Stoke and West Brom Given Championship Lesson
West Brom kicked off their campaign on Saturday at home against Bolton. They were heavy favourites against a side expected to be battling near the bottom again this season. West Brom failed to show any quality. The Baggies endured a 2-1 defeat that left them with plenty to look at and much to improve.
Stoke City had to wait until Sunday afternoon before their campaign got underway against Leeds United at Elland Road. But they didn’t have to wait long before realising that they were on the back foot. Leeds were the better side from the outset and an impressive 3-1 victory gave Stoke a harsh welcome back to the Championship.
West Brom Beaten at Home
Yanic Wildschut scored a last-minute winner as Bolton snatched a dramatic opening day victory on the Baggies’ return to the second tier after eight seasons in the Premier League. Wildschut tapped in from close range from a corner for Bolton, who only stayed up by beating Nottingham Forest on the final day of last season.
Despite a stunning goal from on-loan winger Harvey Barnes to level the game just before halftime, after Josh Magennis headed home the opening goal for Bolton, West Brom were poor in many areas of their game, spending the majority of the game with the ball but creating very little. They looked bereft of ideas in the final third as Bolton happily sat behind the ball.

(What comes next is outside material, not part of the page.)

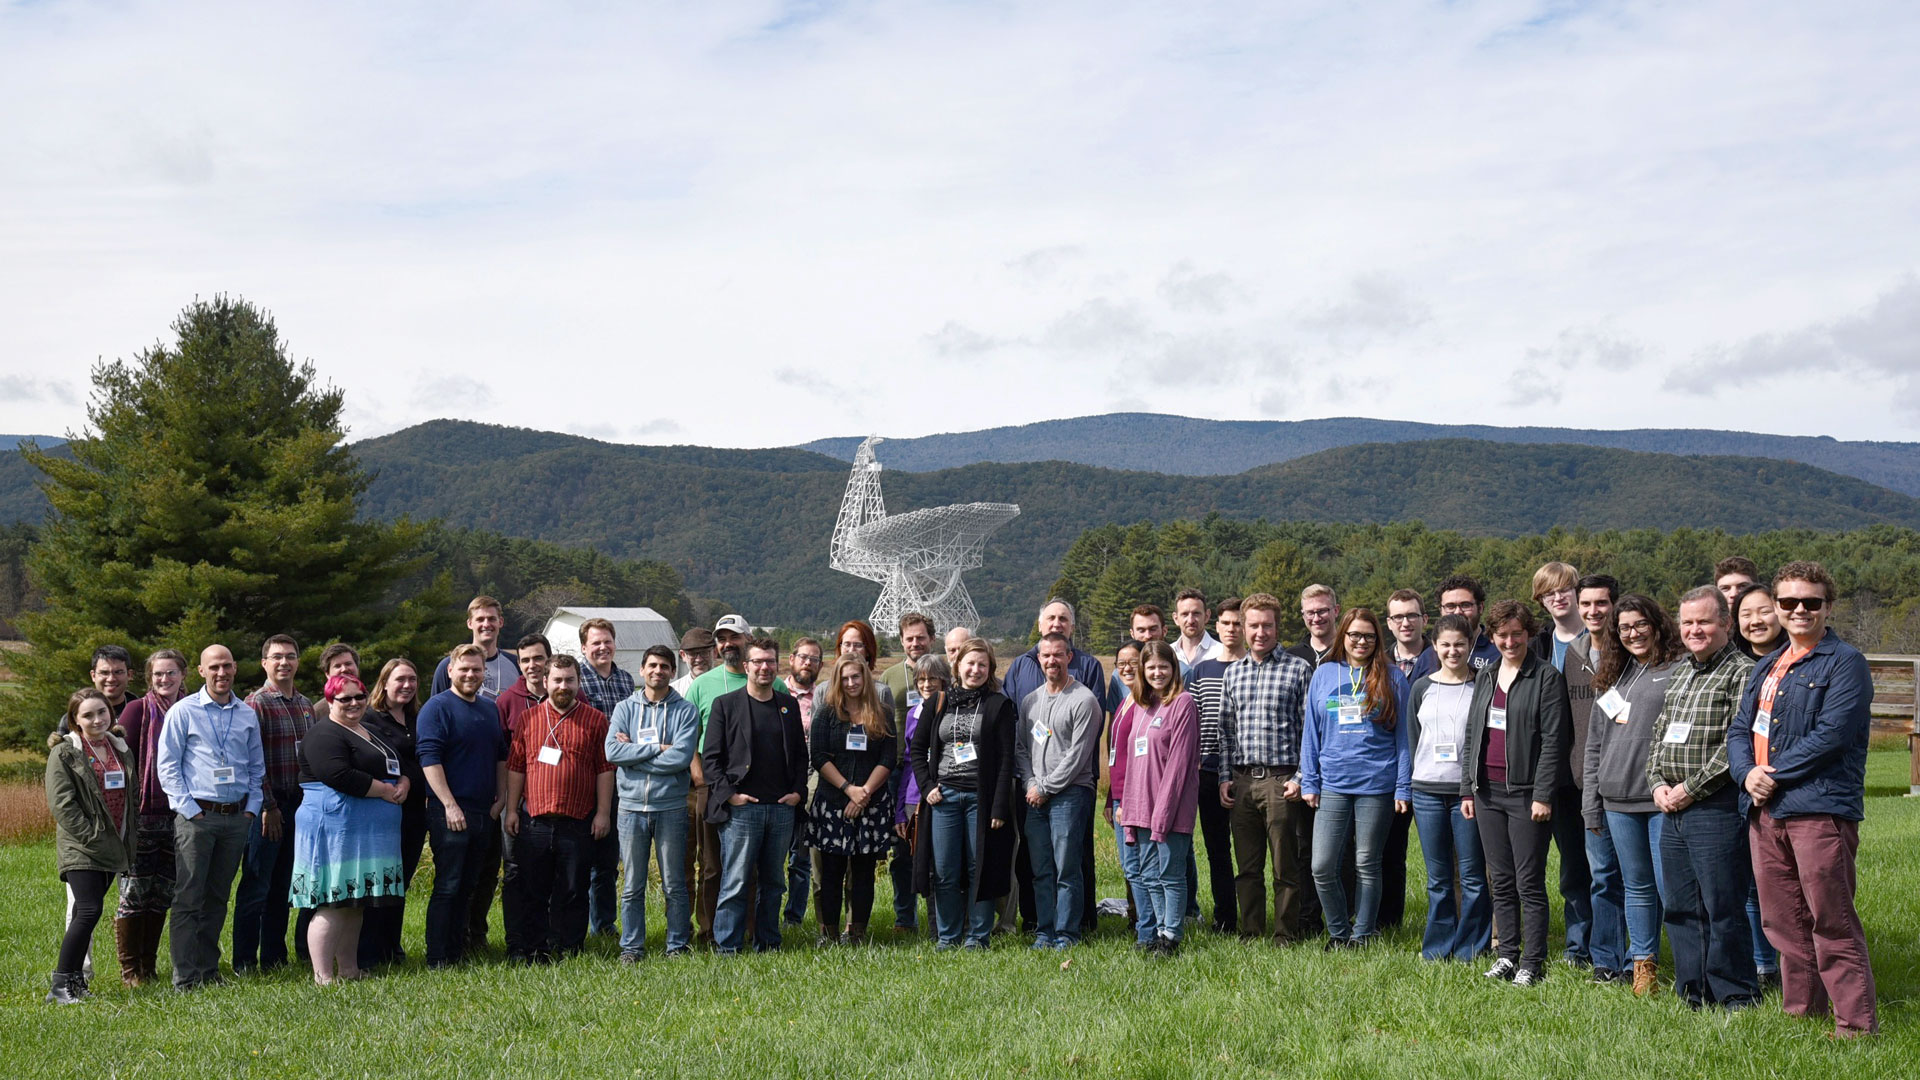 Photo of NANOGrav Collaboration members at a scientific conferenceheld at the Green Bank Observatory in West Virginia in 2018. Credit: Tonia Klein for the NANOGrav Collaboration

Ironically, West Brom fans had seen this Bolton tactic before. Not too long ago it was commonplace at the Hawthorns under former manager Tony Pulis. The Baggies would often concede 70% possession before nabbing a goal or two from a set piece. Bolton pulled a Pulis on West Brom and it’s a tactic Albion must learn to overcome now that they’re a big fish in this competitive pond.
Stoke Outclassed by Leeds
Stoke were handed an opening day defeat at the hands of an impressive-looking Leeds side. Outclassed from the very beginning, Stoke found themselves behind after just 15 minutes. It was a slick counter by Leeds as Samuel Saiz, on the edge of the box, slid the ball into Mateusz Klich who did the rest.
Leeds deserved a second and it was handed to them at the end of the first half courtesy of a horrendous mistake by England goalkeeper Jack Butland. Pablo Hernandez’ strike was too hot to handle for Butland as he fumbled the effort into the bottom corner. Stoke did score early in the second half as Benik Afobe put away a penalty after a naive tug by Barry Douglas on Tom Ince gave the referee no choice but to award a spot kick. But Leeds restored the two-goal lead just five minutes later. Captain Liam Cooper put the game beyond the reach of Stoke with a simple near-post header from a corner.

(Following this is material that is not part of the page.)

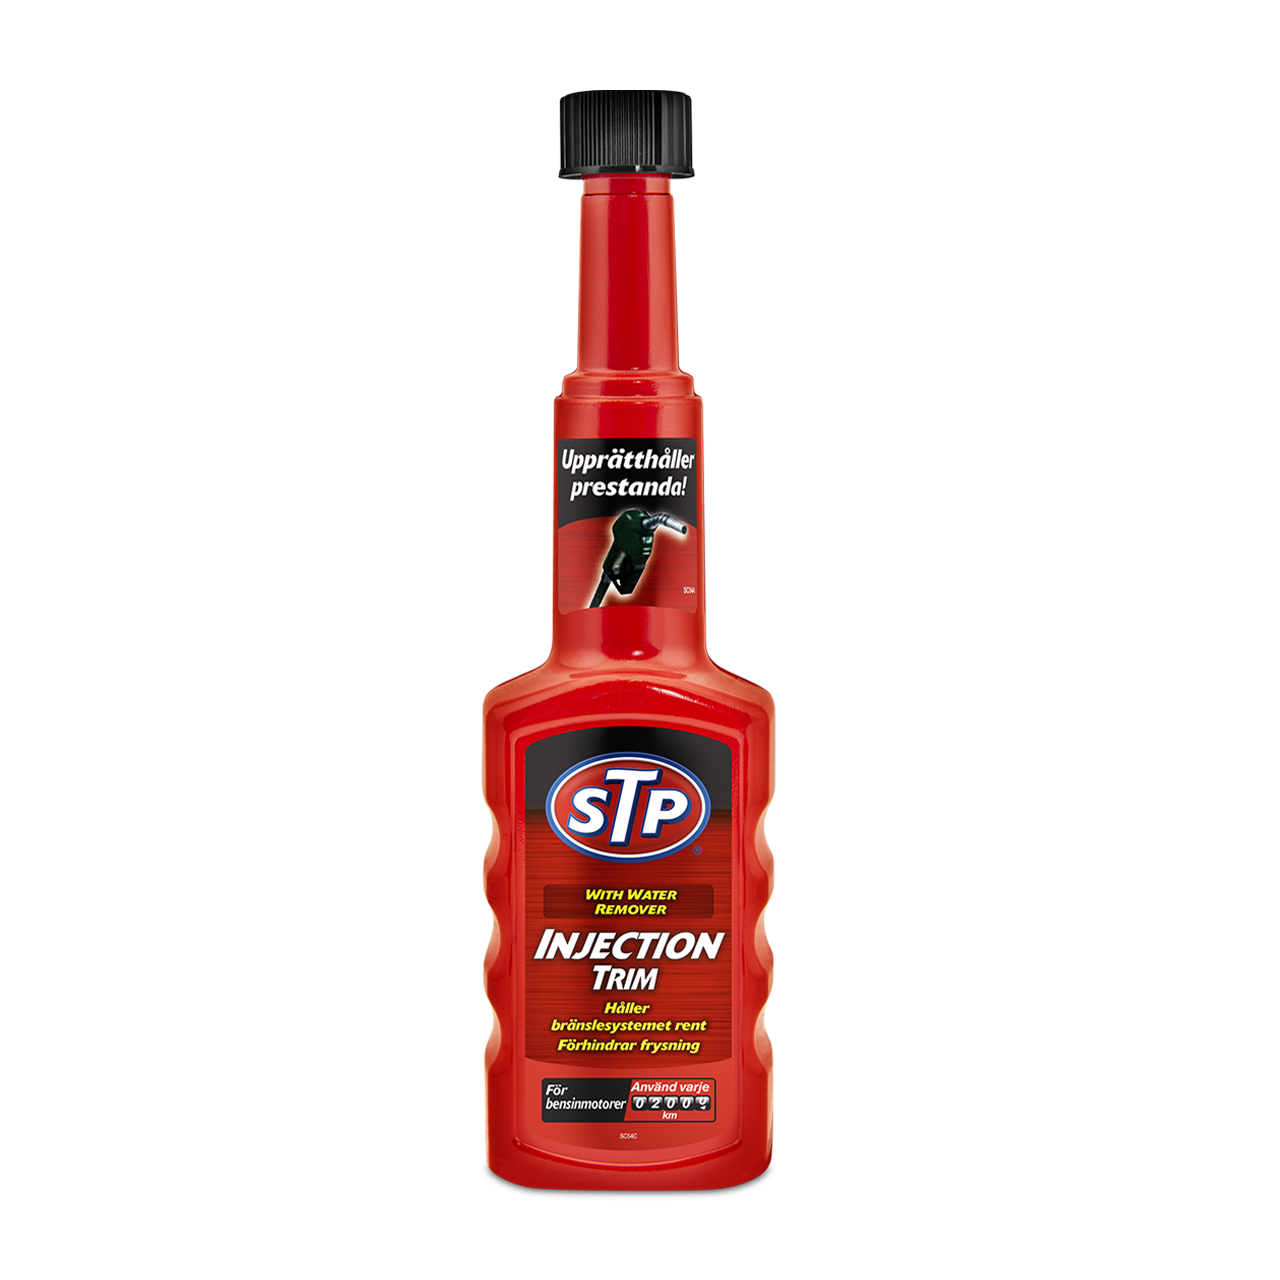 STP Injection Trim Fuel System Cleaner 200ml - Dirt cheap price!

Much like the Baggies, Stoke will spend the next few days looking at what went wrong. Defeat to an admittedly impressive Leeds side was deserved; Stoke were pretty dire. It could’ve been more for Leeds but Stoke also had chances at Whites goalkeeper Bailey Peacock-Farrell saved James McClean’s free-kick and Bruno Martins Indi headed on to the roof of the net. Stoke never threatened a comeback.
Harsh Lessons
If these two teams are to live up to their billing as promotion favourites they must quickly adapt to this division. Both were handed harsh lessons on opening day; no one is to big for this league, a division that has swallowed up teams like Aston Villa, Leeds United and Nottingham Forest.
There is still time for teams to bring in new faces and the league is obviously not won or lost on day one, but Darren Moore and Gary Rowett have been given stark warnings this weekend that getting out of this league.